Mehdi cut him off. “Things in Paradise, Salem, and Swan Harbor are good? They have been stabilized?”
“I have heard nothing to tell me otherwise, but that is not—”
Mehdi interrupted him again. “That is a nice shirt. You do not often wear such nice clothing into the warehouse. And you seem to be perspiring. Look at your underarms.”
Arakel could no longer bear it and slammed his hand down on Mehdi’s desk. “For heaven’s sake, Mehdi, let me speak. This is not easy for me.”
Mehdi smiled, a reaction Arakel thought strange, but he dared not stop for fear of never having the nerve to finish.
“Yesterday, I received calls from the police department in Paradise,” he said, beads of sweat forming on his brow. “First from a woman, an Officer Crane. She asked about a business card the police found in the boy’s drawer.
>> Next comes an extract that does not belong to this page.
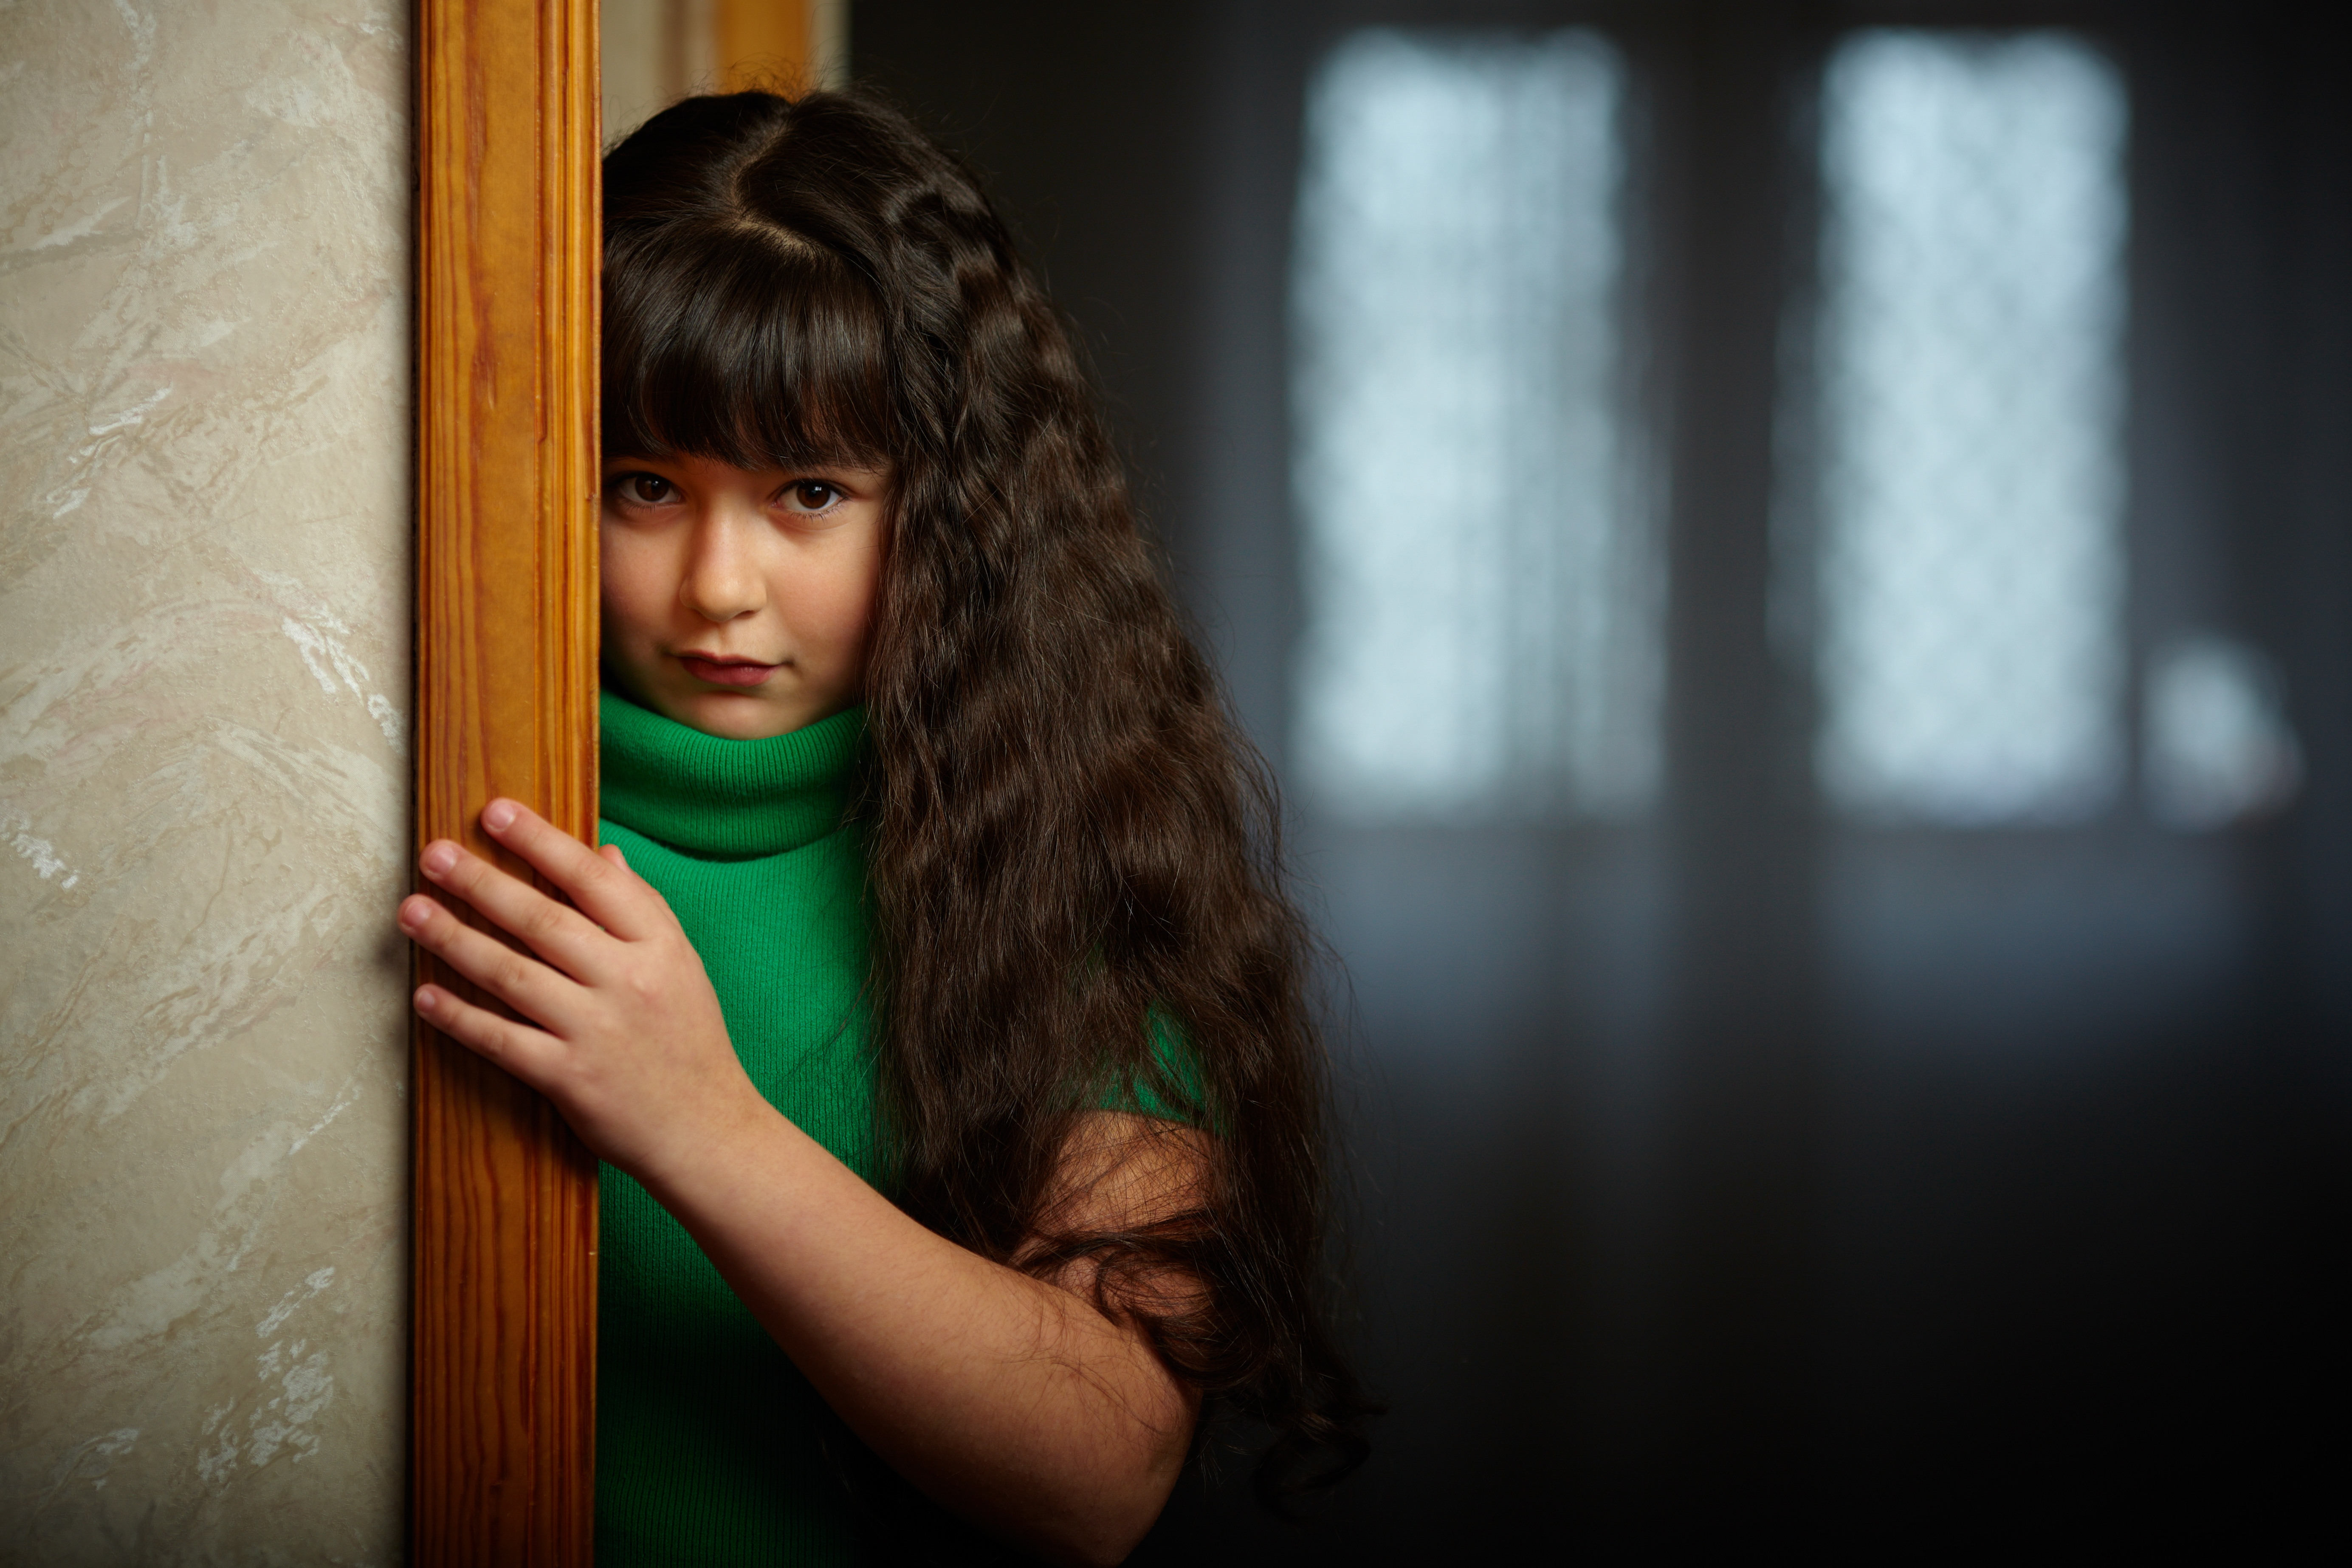 Sad girl near door | Source: Shutterstock.com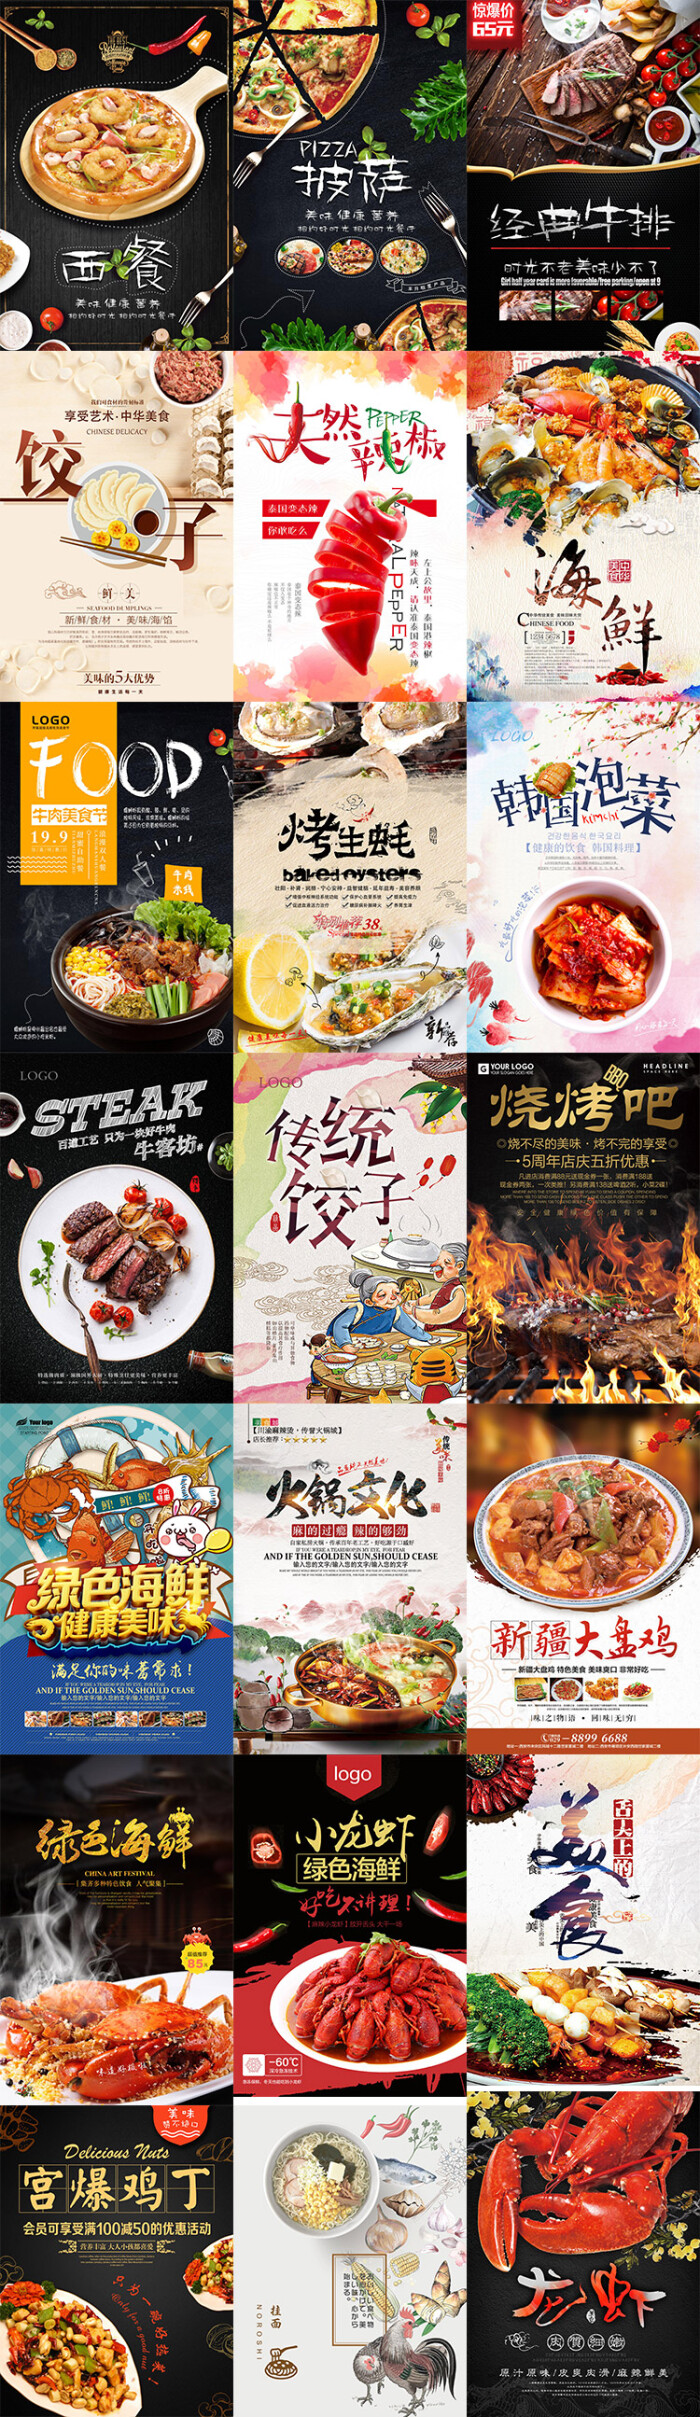 中华美食西餐餐厅饭店烧烤海鲜火锅海报传单ps模板设计素材图模版

The second call was from the police chief, a Jesse Stone. I tried to calmly talk my way around things, but he insisted on meeting with me to discuss how my old business card ended up in a teenager’s dresser drawer.”
“And how did you enjoy your lunch at the Little Armenia Café, my friend?”
Arakel froze, the sweat pouring off his brow onto his face. “You followed me?”
“Stojan and Georgi,” Mehdi said. “After the other day with the boy, I felt it was good to keep an eye on you... in case you were overwhelmed with a bout of guilt or some other nonsense. I couldn’t afford to have you go to the police and turn yourself in.”
Arakel was wounded by that. “I would never dishonor my own family that way, nor would I harm you.”
Mehdi bowed his head in thanks. “I appreciate that and I admire that you tried to handle this on your own, but no more.” Mehdi wagged his finger at his partner. “You must never keep such things from me. Yet it is good you came to me. My respect for you grows, my friend, and gives me confidence that I made a good choice in bringing you into this business. Now, tell me what the conversation was between you and this police chief.”
Arakel gave him a comprehensive account of the conversation between himself and Jesse Stone but could not bring himself to reveal the last things Stone had said to him. He wasn’t going to risk the newfound confidence Mehdi had in him.
“Do not worry, Arakel,” Mehdi said, standing and grabbing his partner’s biceps. “The Bulgarians are keeping an eye on this cop, Stone. If his nose gets too long, we will see to him. For now, relax.” Arakel turned, getting as far as the office door before Mehdi stopped him. “Remember, my friend, never withhold things like this from me again.”